Infiltrazioni negli appalti. Parentele. Rapporti gelatinosi tra la politica, l’amministrazione, i pregiudicati locali. Rimasti orfani dei lucrosi affari illeciti, i clan avevano trovato una nuova fonte di sostentamento. E il Comune di Valenzano, stando a quanto è emerso sino a questo momento dagli accertamenti della Prefettura di Bari, era diventato il loro ufficio di collocamento della mafia. Perché quello che emerge dalla relazione di accesso compilata dal Palazzo del Governo, quella che ha portato il Viminale a sciogliere il Consiglio mandando a casa il sindaco Antonio Lomoro, è che il Comune garantiva il welfare dei clan.
Più che dal pittoresco episodio della mongolfiera con dedica al mafioso ammazzato, per raccontare il contesto di Valenzano si può partire dal 28 settembre 2016. È il giorno in cui Lomoro denuncia di aver subìto un’aggressione in ufficio da parte di un pluripregiudicato che pretendeva l’assegnazione di un alloggio confiscato alla mafia. Le cronache di un anno fa hanno riportato la notizia dell’arresto di Matteo Radogna, ma non hanno illustrato fino in fondo a cosa mirasse la prepotenza di questo 34enne.
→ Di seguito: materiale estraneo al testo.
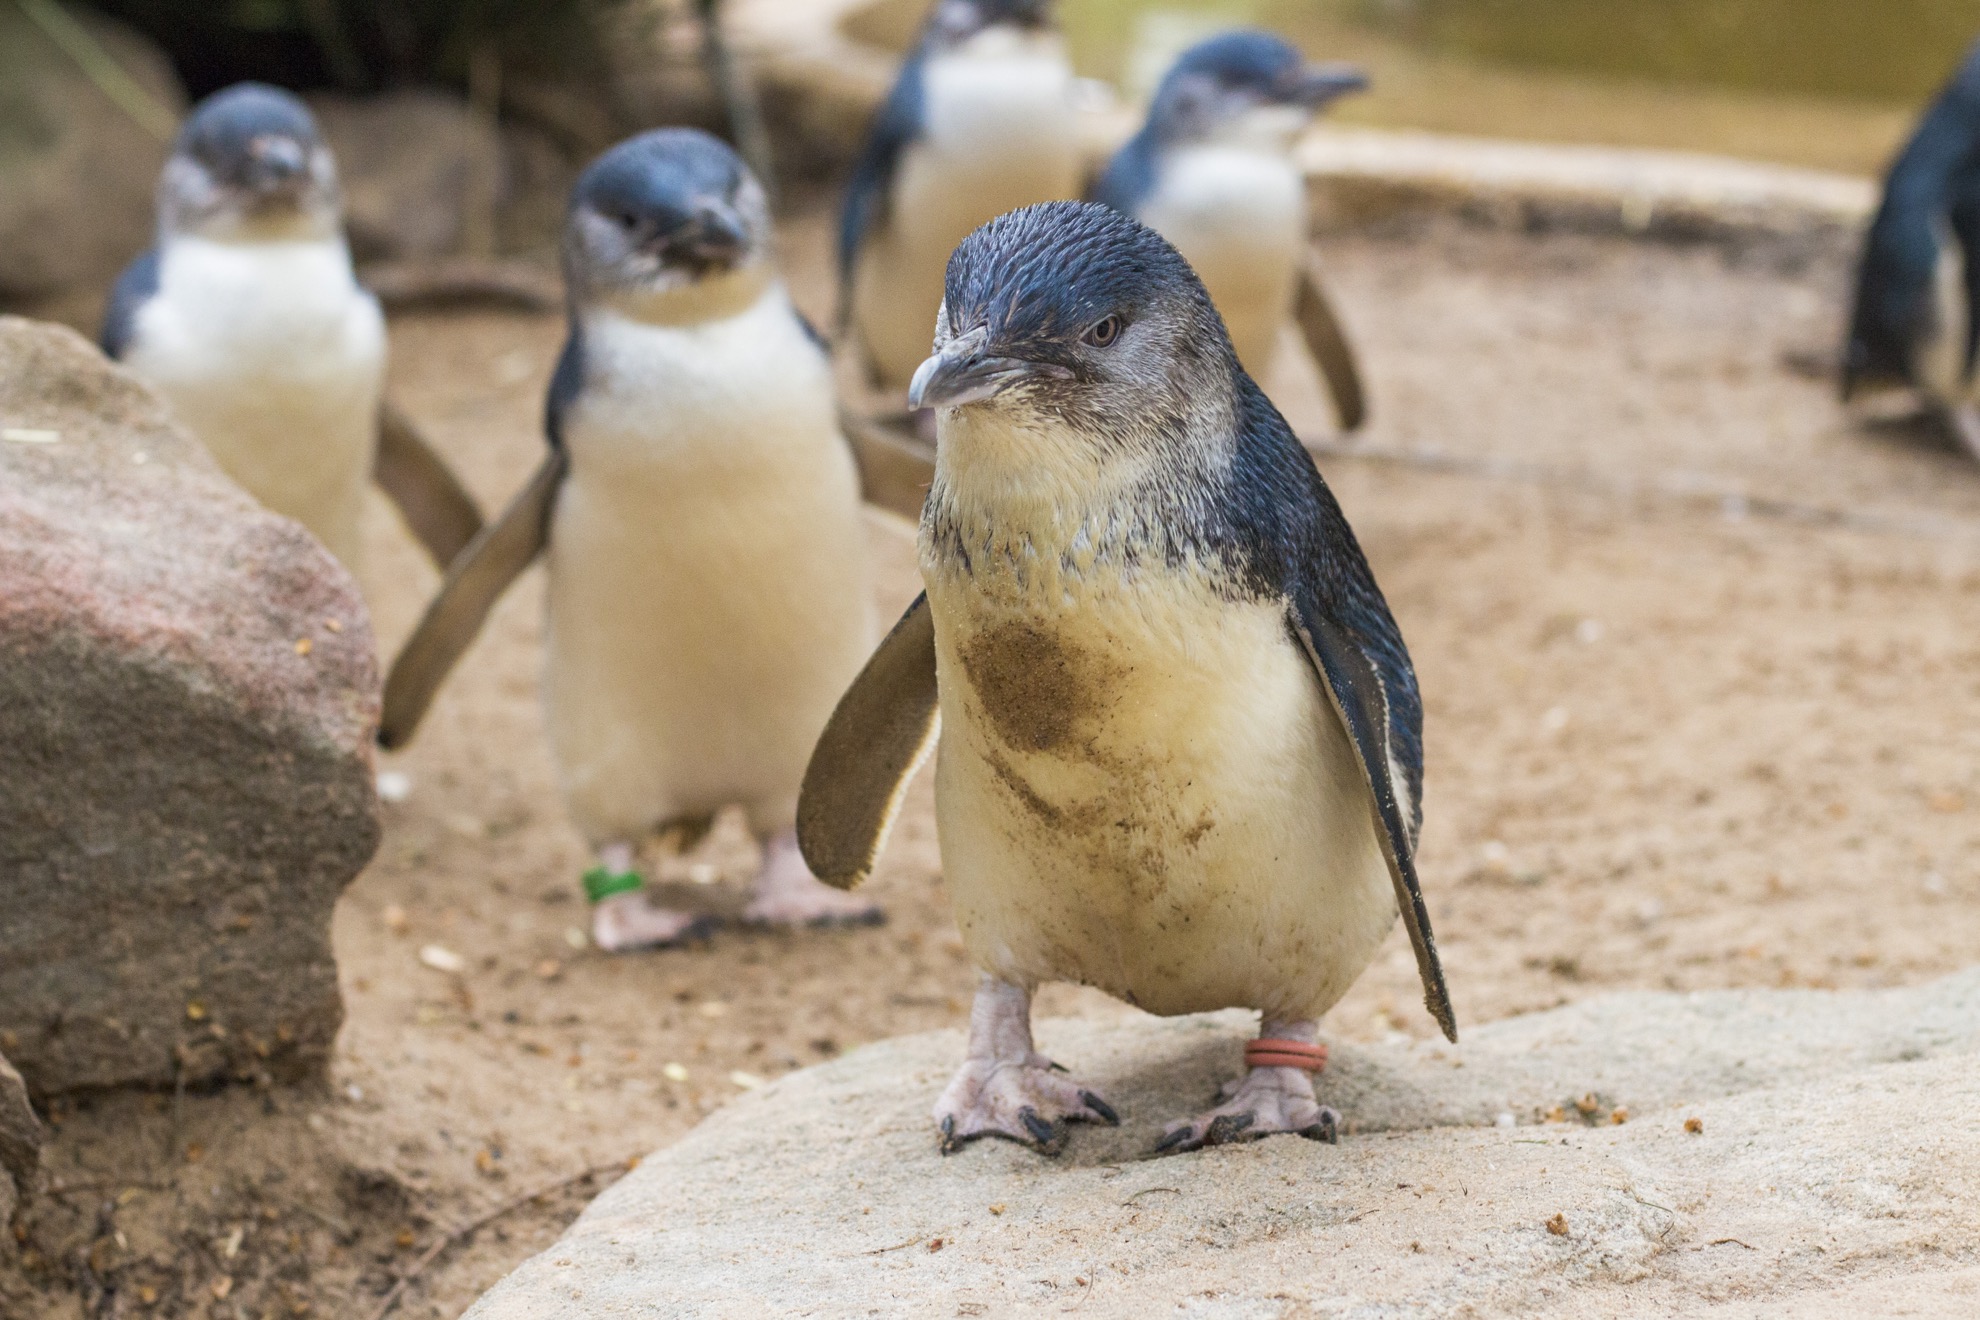 Vea no solo uno o dos, sino cientos de pingüinos de hadas de 12 pulgadas, de 12 pulgadas de altura y de aspecto peludo cuando visite la isla Phillip en Australia. - 11

L’uomo voleva infatti ottenere una casa su via Bari, confiscata ai clan, che era stata nella disponibilità di Vito Di Benedetto, alias «Vito U’Rizz», un affiliato degli Stramaglia ucciso dal piombo il 17 giugno 2009. Il messaggio era chiaro: quella è roba nostra.


È certamente una coincidenza che il Radogna fosse stato controllato dai Carabinieri in compagnia di Antonio Cannone, un maresciallo dei vigili urbani oggi in pensione che nel suo passato vanta una esperienza da consigliere comunale dell’Udc, oltre che una lunga serie di precedenti di polizia. E che l’ex agente di polizia municipale, controllato in tempi remoti anche in compagnia di Chelangelo Stramaglia, il boss del paese, sia anche il fratello di Luigi Cannone (il boss locale degli anni ‘80 vicino alla famiglia Di Cosola, poi ucciso anche lui in un bar di Capurso nell’ottobre del 2010) e di Pietro Cannone, anche lui vigile urbano, incensurato ma padre di Vincenzo Cannone, pregiudicato e ritenuto l’attuale reggente della famiglia su Valenzano. Ma non basta ancora. Antonio Cannone è il suocero di Annalisa Potente, consigliera comunale con Lomoro, moglie di Michele Cannone, pluripregiudicato oggi sottoposto ad obbligo di firma dopo l’arresto per droga nell’operazione «Pilastro». E qui le cose si fanno interessanti.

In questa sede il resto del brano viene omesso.